XVIII.
Il giorno dopo fu dalla duchessa che il cavaliere di Malta venne introdotto.
Ella l'attendeva; lo ricevette in una sala del suo appartamento.
Il conte provò una viva emozione nel rivederla.
—Oh donna Livia, le disse, finalmente!
Ella sorrise.
-~ Sì finalmente, rispose. Ah! che non avremmo mai potuto prevedere quanto è avvenuto!
E lo fece sedere.
—Dov'è il duca? domandò il conte.
—È partito in carrozza.
—Sono stato ieri da lui.
—Lo so, e godo nel vedervi pacificati una volta.
—Non vi voleva che voi, donna Livia, per compiere tale miracolo.
—Gli avvenimenti terribili di questi giorni vi contribuirono assai più.
—Non lo credo, duchessa.
—Ah! conte, che avrete voi pensato di me? Dal vostro biglietto compresi….
E si arrestò un poco; indi:
—Compresi che tutto sapevate.
—Donna Livia, io non sono meno franco di voi. Sì, seppi ogni cosa.
—Donna Maria certamente vi aveva informato?
—Sin dal primo giorno. Ah! donna Livia, potete immaginare quanto abbia tremato per voi!
—Il cielo permise che escissi illesa da tanti pericoli!
—Fu un vero miracolo.
—Però anche il duca vi contribuì…. Egli, la cui durezza mi fece tante volte orrore, il cui sentire differiva tanto dal mio, mi credette quando tutto mi accusava; mi difese.
—Lo so, e questo mi riconciliò con lui.
—E voi, conte, dubitaste di me?
—No; io non dubitai, donna Livia; avrei prima dubitato di Dio…. Però rimasi un istante, il confesso, stordito, confuso da quelle improvvise rivelazioni ed alle insinuazioni infernali di quelle femmine perverse. Ma fu un istante. Avrei dovuto tacervi questo, ma so che la franchezza non vi offende.
—No, conte.
—Ed ora siete tranquilla?
—Sì e spero esserlo sempre. Solo mi duole la morte della sventurata Gabriella. Sentii però che ella era molto sofferente, che poco forse le rimaneva di vita, e ciò contribuì a calmarmi; altrimenti la sua triste fine sarebbe stata troppo dolorosa per me.
—Era una infelice, signora; quel veneziano deve avervi narrata la sua storia.
—Sì…. e suo fratello?
—È partito stanotte con Dal Pozzo. Conta, dopo aver salutato il fratello e gli amici, recarsi in Ispagna per sempre. Dal Pozzo si propone vivere con lui come in passato, e spera che la sua amicizia, qualche distrazione, una vita nuova potranno ricondurre la pace nel suo spirito.
Il conte aveva detto tutto questo senza alzare gli occhi su donna
Livia.
Povero Federico! pensava ella intanto; indi:
—Voi conoscete dunque Dal Pozzo?
—Sì, e da qualche giorno alloggiava in casa mia.
—E vi narrò egli?… chiese ella un po' esitante.

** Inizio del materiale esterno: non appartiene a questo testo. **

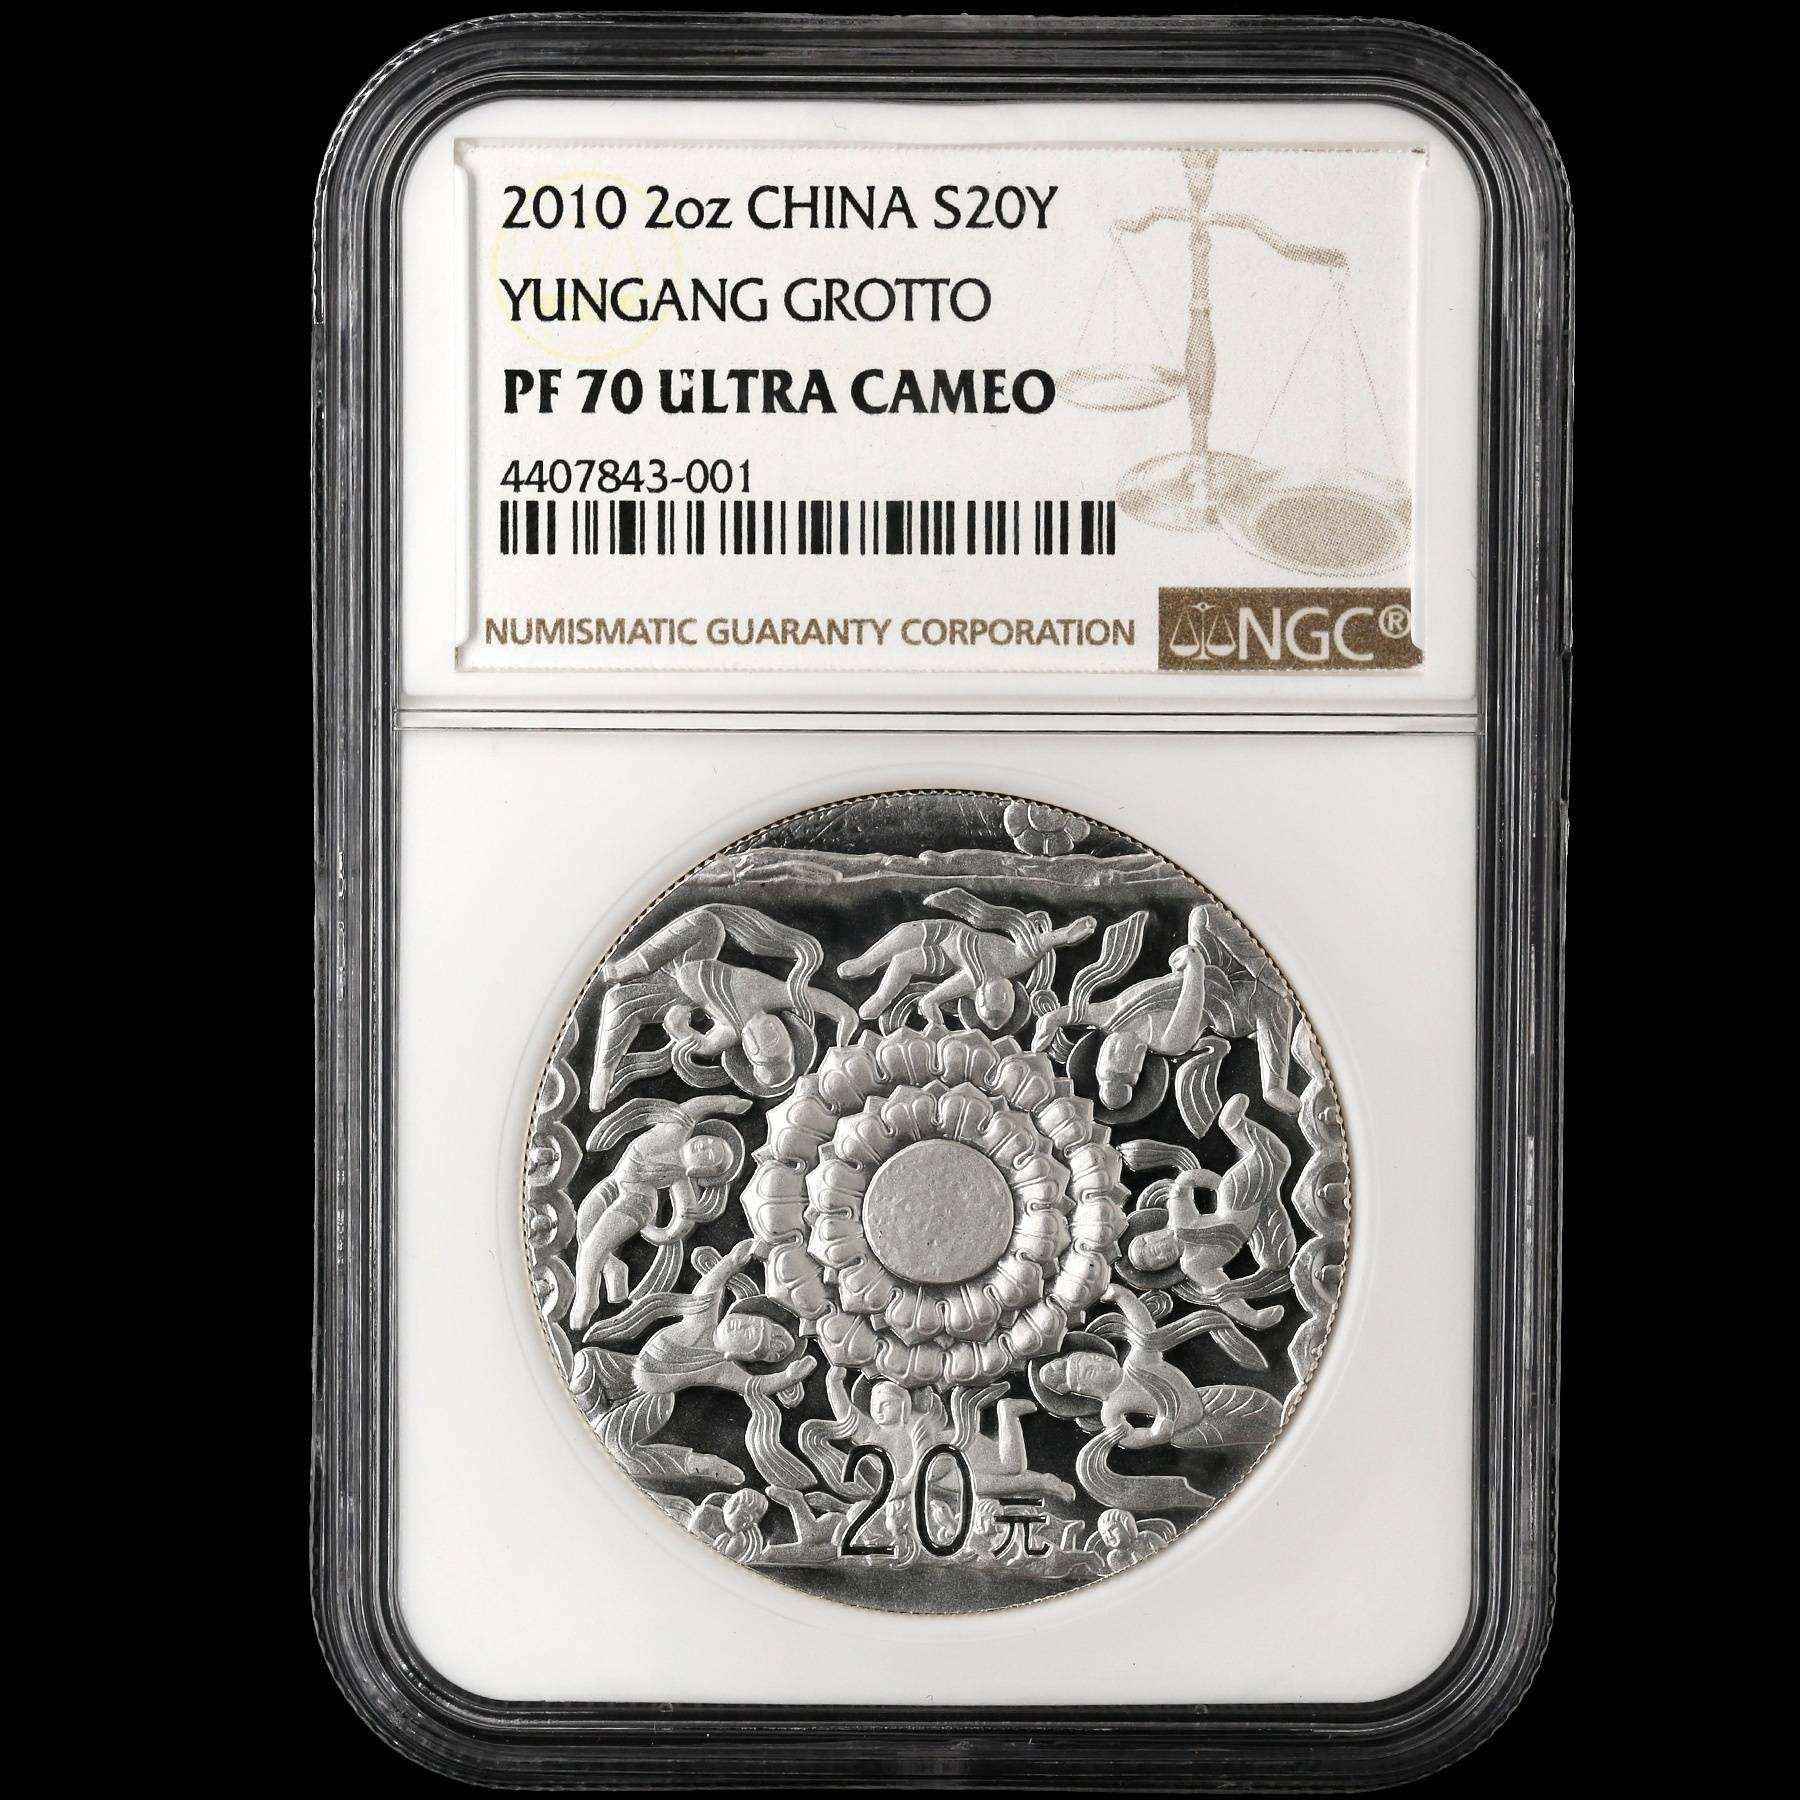 云冈石窟2盎司银币投资价值高吗?

—In qual modo conosceste Federico, in qual modo sposaste il duca? Sì…. Egli vi fu quasi forzato. Lo trovai la sera stessa del nostro arrivo a Catania; veniva a cercare del suo amico, che un servo gli aveva narrato d'aver veduto risuscitato in Messina. Il povero Dal Pozzo, ignorando tutto, udendo che Chiarofonte era partito per Catania, temette qualche pazzia e corse qui. Mi trovò che escivo dal palazzo del principe, ove avevo appena letto la lettera del duca a donna Maria. Mi domandò di Federico con parole confuse; compresi tutto, lo rassicurai e lo condussi meco. Desideravo, lo confesso, avere qualche schiarimento. Ero sì sorpreso…. attonito…. egli mi soddisfece dopo che gli ebbi narrato come Federico fosse figlio del cavaliere dell'Isola…. Ah duchessa, voi foste dunque infelice?…
—Sì, conte.
—Avete voi dispiacere che Dal Pozzo mi abbia narrato quanto di voi sapeva?
—No, ed anzi per darvi una prova della mia fiducia, vi narrerò in qual modo passarono i primi tempi del mio matrimonio….

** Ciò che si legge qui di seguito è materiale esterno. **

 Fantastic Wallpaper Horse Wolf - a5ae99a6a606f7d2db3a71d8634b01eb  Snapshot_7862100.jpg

—Ah donna Livia, tale confidenza!
—Ve la faccio senza difficoltà alcuna.—Ed era vero. L'intuizione della duchessa le faceva scorgere nel conte un amico, al quale poteva dire senza pericolo anche i pensieri.

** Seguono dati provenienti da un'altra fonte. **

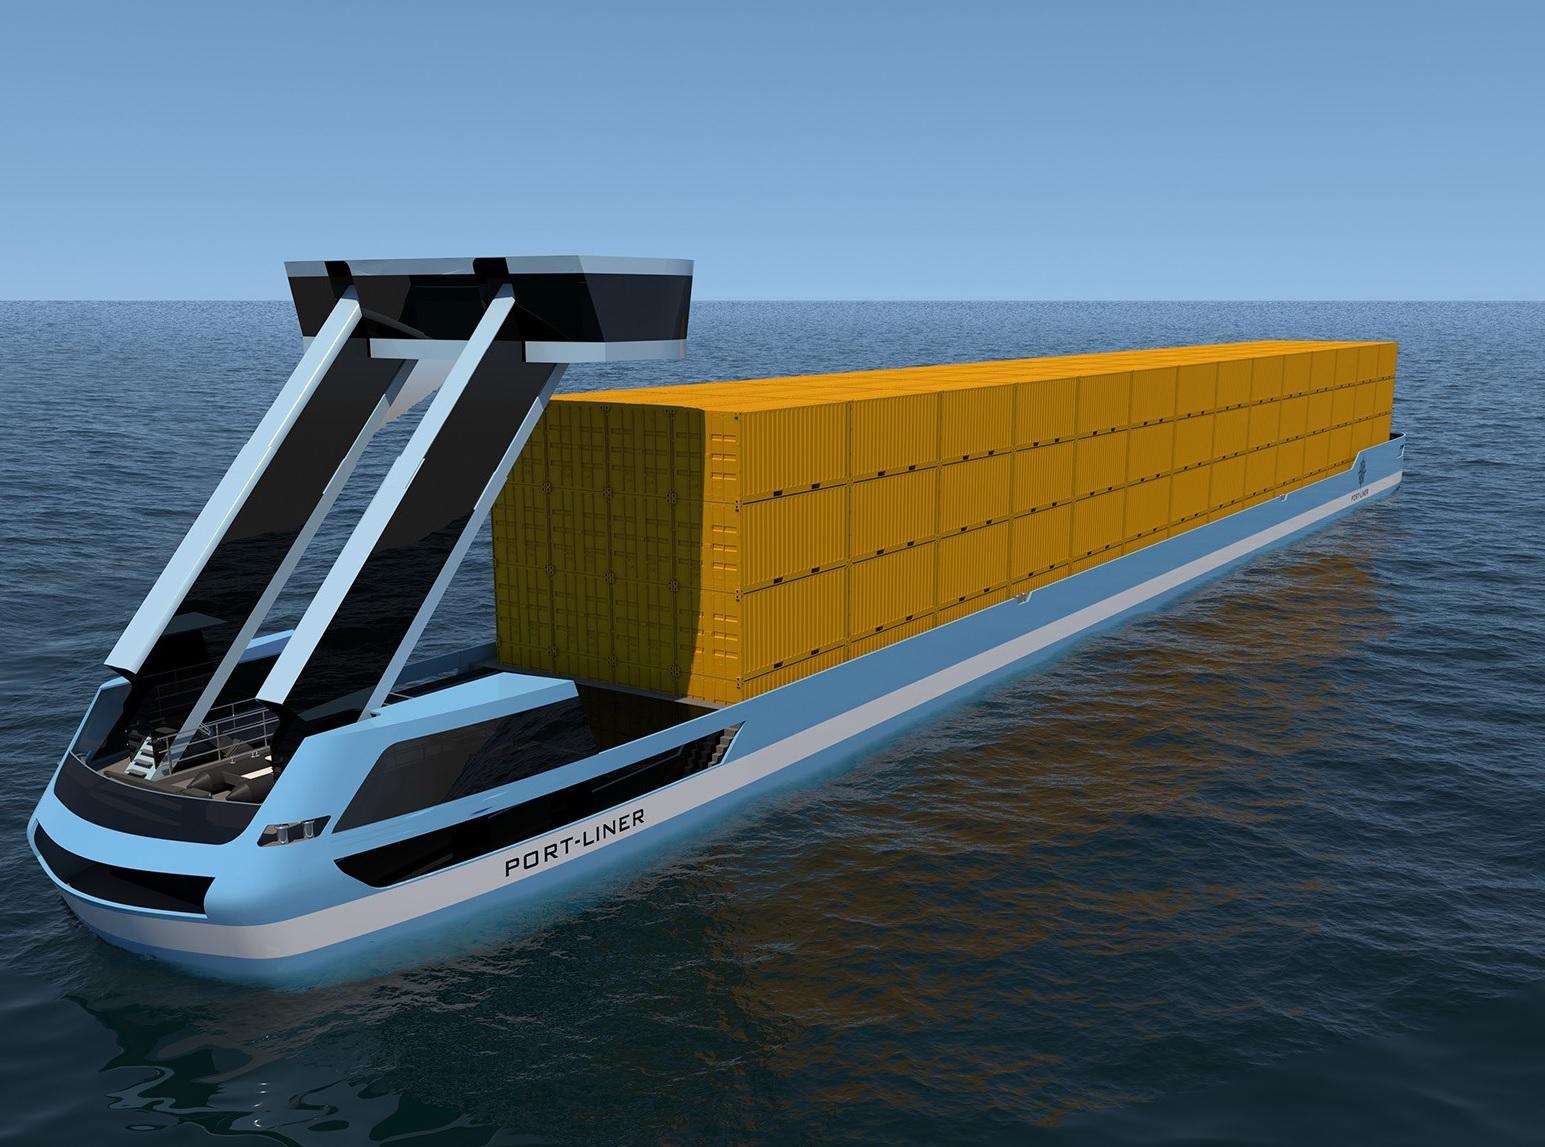 Des barges électriques entre Anvers et les Pays-Bas

—Sì, continuò poi. Io sposai don Francesco soltanto per obbedire a mio padre moribondo, quasi forzatamente. Federico, che avevo amato tanto, che a prezzo del suo sangue mi aveva salvata la vita, che mio padre aveva quasi esortato a recarsi a Lepanto, ove io lo credeva morto, era posto tra me e don Francesco. E ciò non bastava; il carattere del duca, il suo proposito di volermi soggiogare facevano il resto. Mi rammento queste parole, che egli mi disse quasi subito dopo avermi sposata, vedendomi pensierosa e triste: Ciò che soffrii da donna Livia del Faro nol soffrirò da mia moglie. La vostra tristezza mi offende; vi amo molto, ma alfine son vostro marito e comprendete….. Questo discorso non mi sorprese; io avevo già capito che egli amava far paura! È la sua abitudine!…
Il conte sorrise.
—Ma ora il suo carattere non è più sì inflessibile, e spero poterlo cangiare intieramente. E continuando:
—Non crediate, gli risposi, che io sia disposta a soffrire rimproveri od insulti. Di questo rammentatevi bene, don Francesco; io sono stata franca con voi, non vi ho lusingato, non avete dunque il diritto di offendervi della mia tristezza. Non attendetevi da me nè lagrime, nè scene, che umilierebbero me più di quanto potrebbero annoiare voi…. So quanto vi devo, e non vi mancherò…. Ma non potrete, già vel dissi, imprigionare la mia volontà.—Ah! voi mi odiate, rispos'egli. Volete vendicarvi di me, lo comprendo.—V'ingannate; io ho accettato la mia sorte.—Troncai quindi quella spiegazione, che sembrò aver fatto qualche effetto su don Francesco, il quale non toccò più apertamente quell'argomento.—Due orizzonti mi si schiudevano innanzi: o subire il mio destino come una vittima, o resistere e cercare, come una specie di conforto, di volgere al bene il duca a poco a poco.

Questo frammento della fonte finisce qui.